● **Exercise materials**
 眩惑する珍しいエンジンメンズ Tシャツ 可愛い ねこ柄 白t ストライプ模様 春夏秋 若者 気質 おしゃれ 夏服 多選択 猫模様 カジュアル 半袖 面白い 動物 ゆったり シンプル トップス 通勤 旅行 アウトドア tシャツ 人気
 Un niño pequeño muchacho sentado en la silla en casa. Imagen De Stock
---
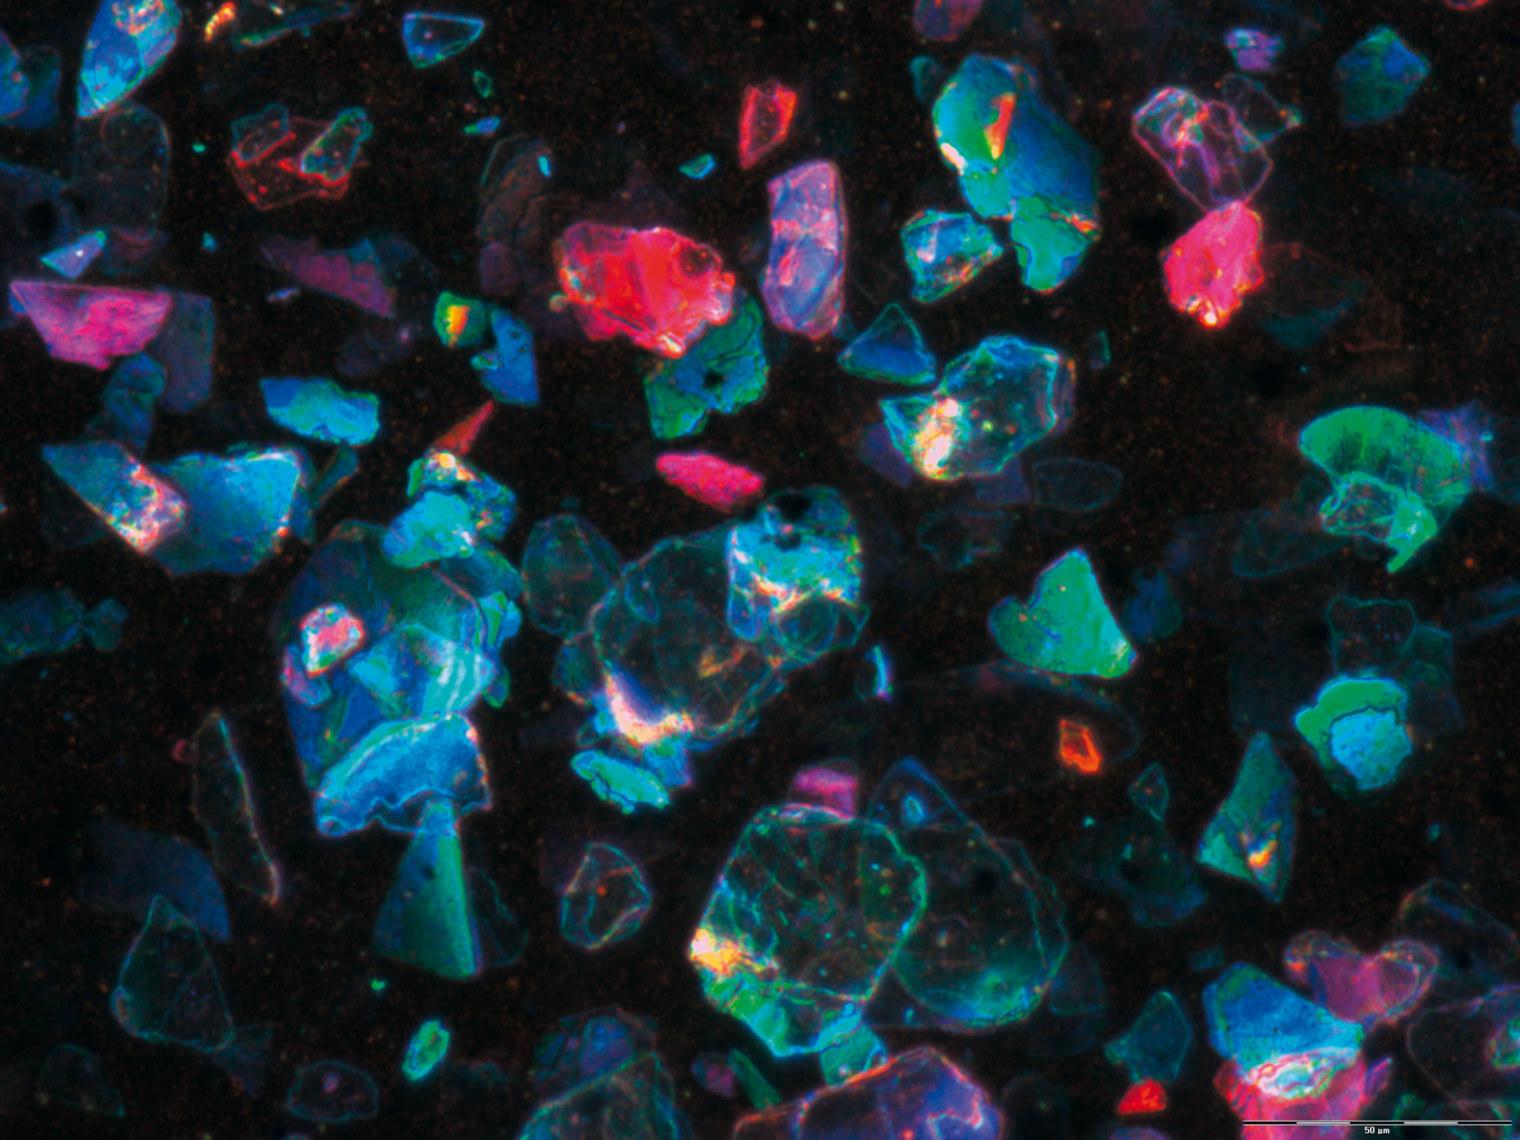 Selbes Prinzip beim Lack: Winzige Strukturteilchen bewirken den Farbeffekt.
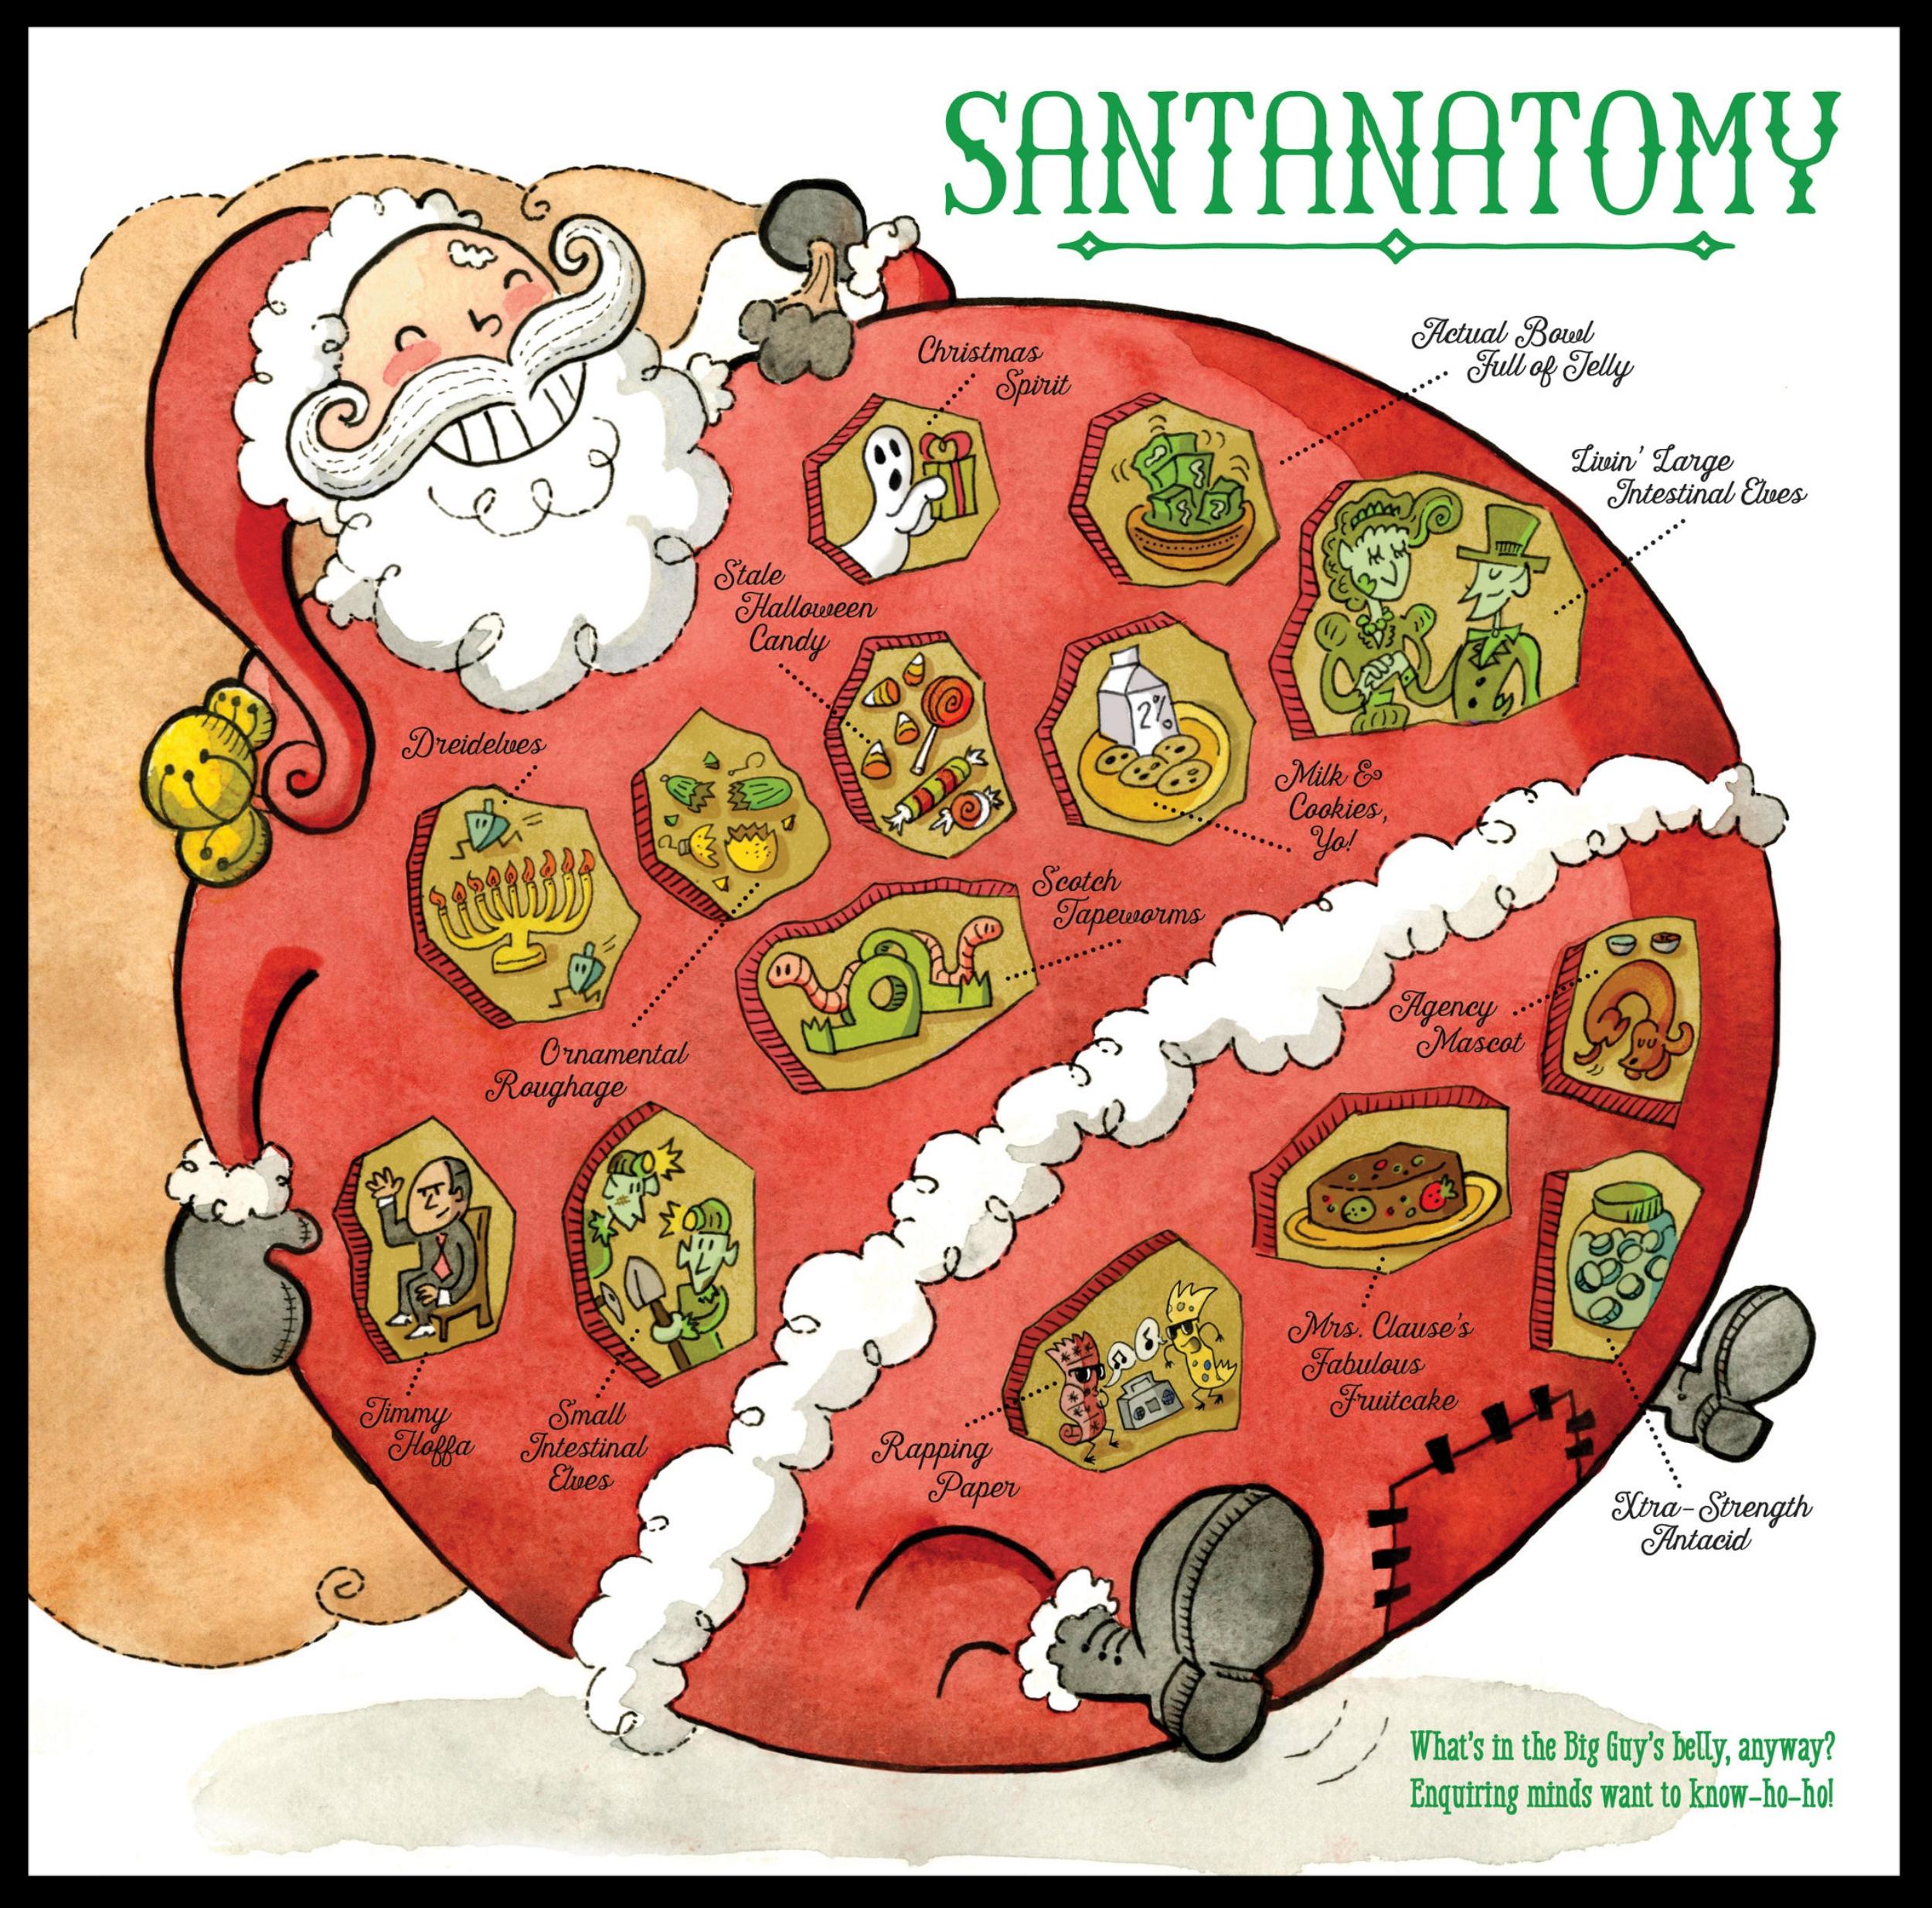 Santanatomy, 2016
==
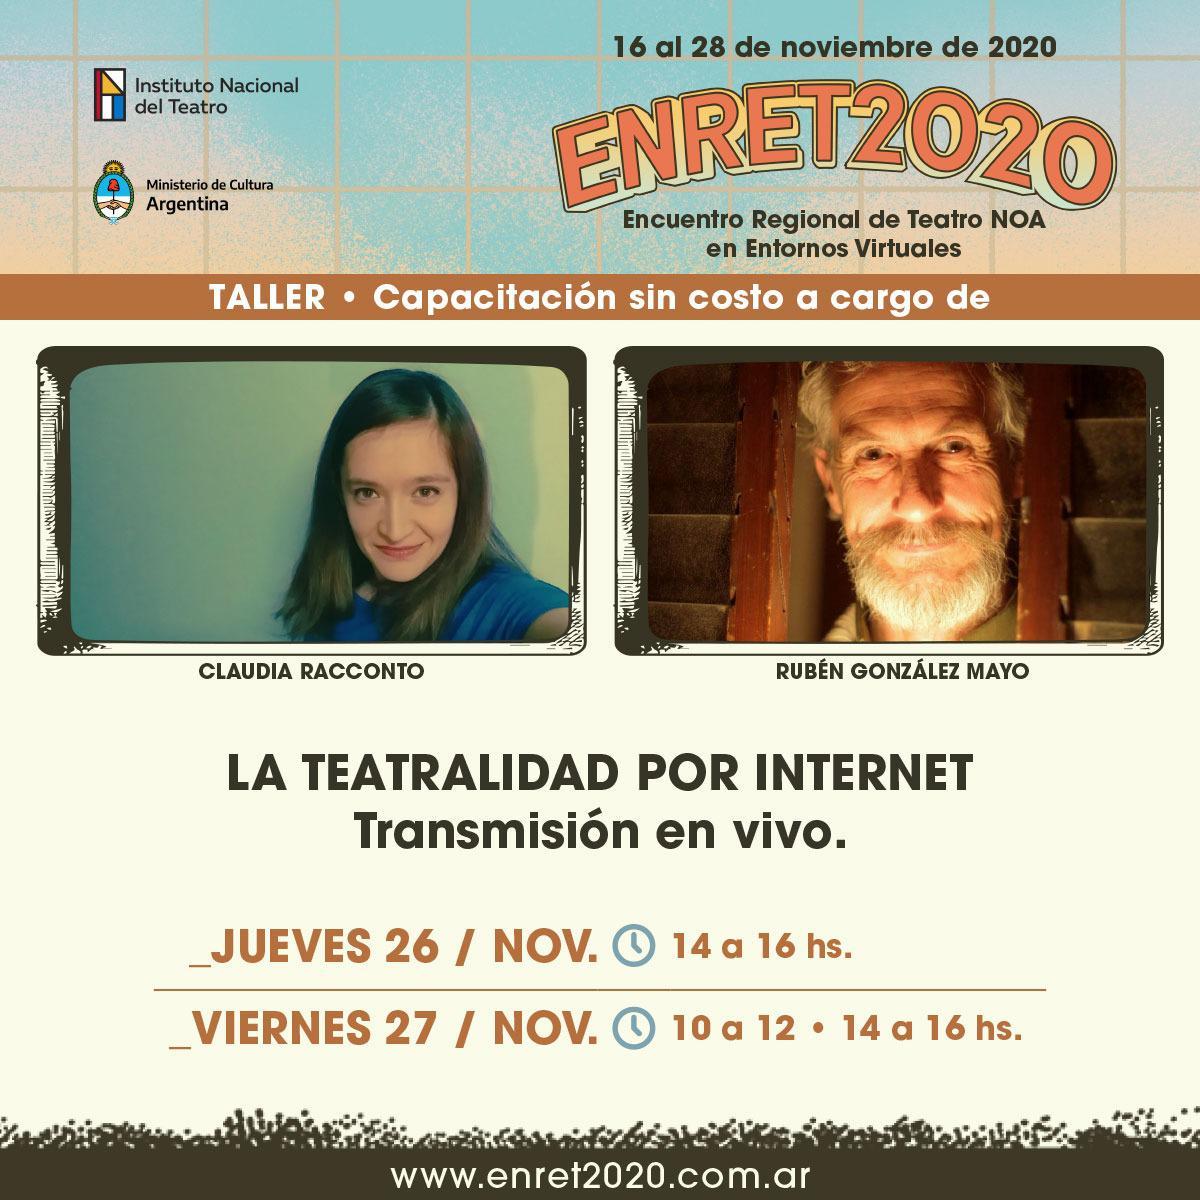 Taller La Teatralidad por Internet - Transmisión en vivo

● **Work to complete**
Could you output exactly the lines above, from the line with "Selbes Prinzip beim" up to and including the line with "Santanatomy, 2016", and nothing else, skipping the pictures?

● **Task result**
 Selbes Prinzip beim Lack: Winzige Strukturteilchen bewirken den Farbeffekt.
 Santanatomy, 2016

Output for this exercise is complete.